Sadiq Khan had ploughed £2m into the initiative, hoping it would provide “thousands of job opportunities”. Westminster City Council had also backed the scheme with a £1m business support grant.
The scheme’s focus was on encouraging progression, increasing diversity and getting people into work, according to New West End Company chief executive Dee Corsi.
It will pioneer a rapid recruitment approach, where CVs are scrapped in favour of on-the-job trials and accelerated training.
The initiative was created in partnership by Step Ahead, New West End Company, Knightsbridge Partnership, Step Ahead Recruitment Agency and AttisTowns, and was devised by more than 100 hospitality and leisure industry leaders in the UK.
‘Westminster Works’ aimed to extend recruitment opportunities to underrepresented groups including ex-offenders, people with learning difficulties, those coming out of retirement, refugees, disabled people, students and parents returning to the workforce.
Keeping an open mind
Step Ahead chief executive Jackie Bedford said employers needed to have “open minds” and be “innovative and flexible” through bringing in employees they may not have considered in the past. The public really backed this kind of initiative, she added, and employers should “boast about this”.
For instance, a team of deaf people could pair with a hearing person, and people who spoke different languages could team with an English-speaking person to find ways of working.
Bedford advised employers not to insist on CVs. Instead, they could invite employees to come for a taster day instead, which was more effective than an interview as showed how they acted in a real-life situation.
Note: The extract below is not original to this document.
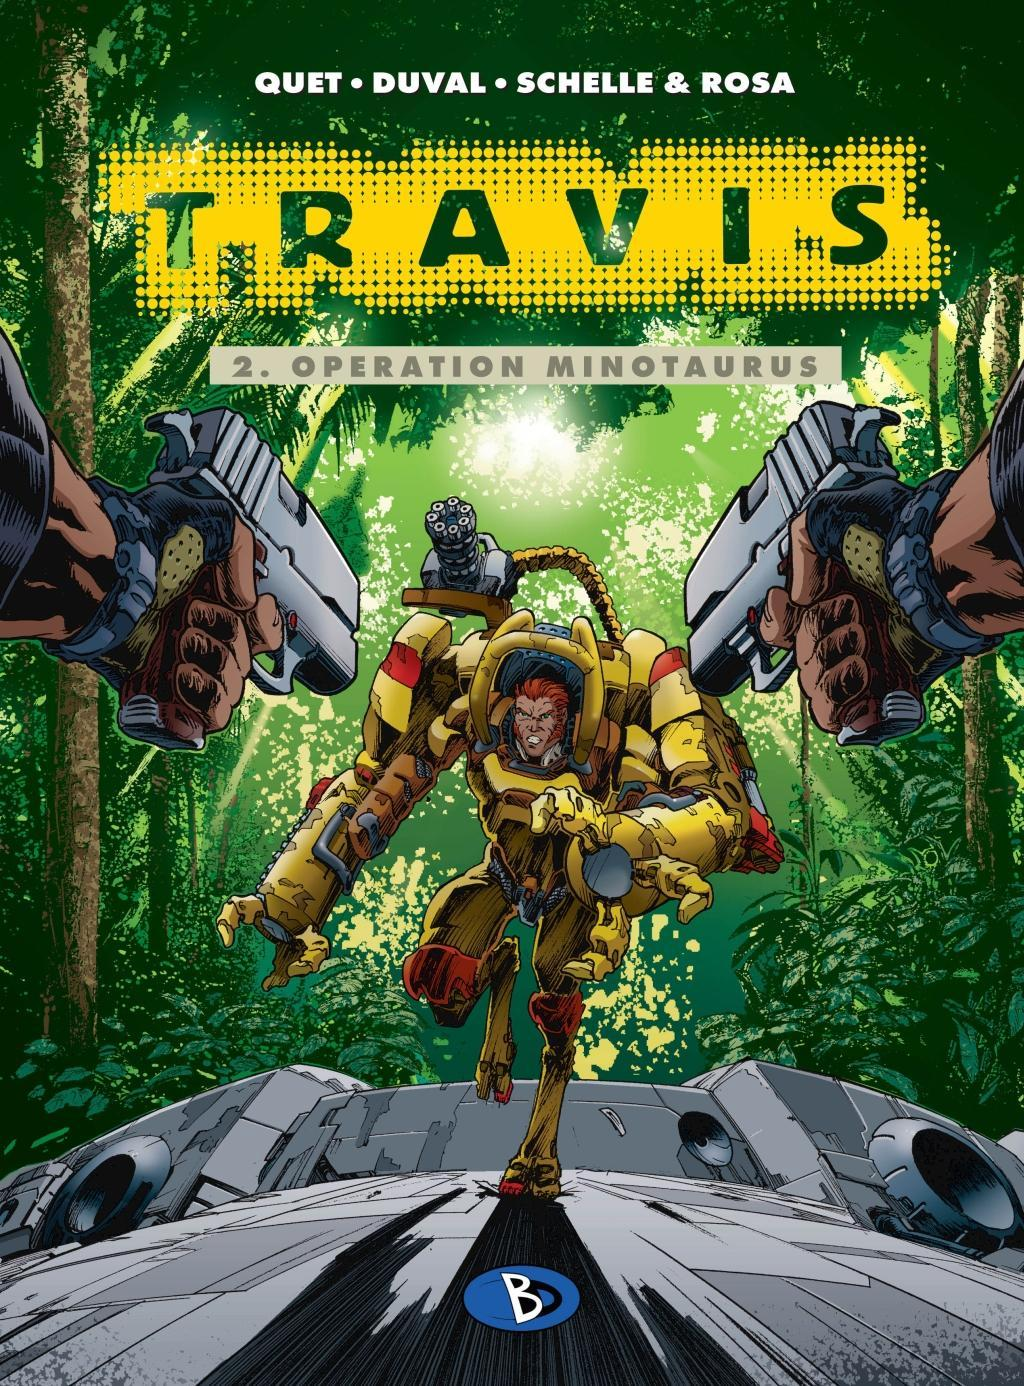 Travis 02. Operation Minotaurus Fred Duval

She added: “None of us had experience when we started out, but somebody believed in our potential and now we’ve grown in our roles.”
Westminster, which includes the West End, is home to 3,700 pubs, bars, restaurants and cafes, and supports 120,000 jobs in the city. Businesses wanting to participate in the scheme will be asked to sign a ‘Westminster Works’ pledge that promises prospective employees respect, reward and progression.
Long hours and low pay had painted the sector in a bad light, the speakers agreed. Westminster city council planning and development cabinet member Geoff Barraclough said attitudes towards working life had changed since the pandemic. People now had new ideas about what they wanted to earn and what they wanted from a work/life balance.
Making hospitality sexy again
He said operators needed to shift the perspective on hospitality through showing the job prospects were there, you can earn money in hospitality, and it was possible to work in “quite glamorous locations”.
Knightsbridge Partnership and King’s Road Partnership chief executive officer Steven Medway added the scheme aimed to make hospitality “sexy and exciting again” through enacting a culture change in the sector.
Among the commitments, employers will be required to guarantee that they are paying at least the London Living Wage. There will also be a pledge to listening and responding to employees’ issues, championing diversity, adapting working practices when needed, offering more flexible hours and providing additional benefits for career progression.
Attis Towns director and Westminster Works project director Paul Barnes said more than 80 businesses had signed up to the scheme so far, but he was hoping to reach 400.
Rather than experience, he said employers should look to hire people with the “right attitude”, as they could then be trained.
Furthermore, Corsi wanted businesses to be immersed in Westminster Works. She said firms had inspired, informed, guided, shaped, tested, refined and implemented the programme, which caters to hospitality businesses on all levels.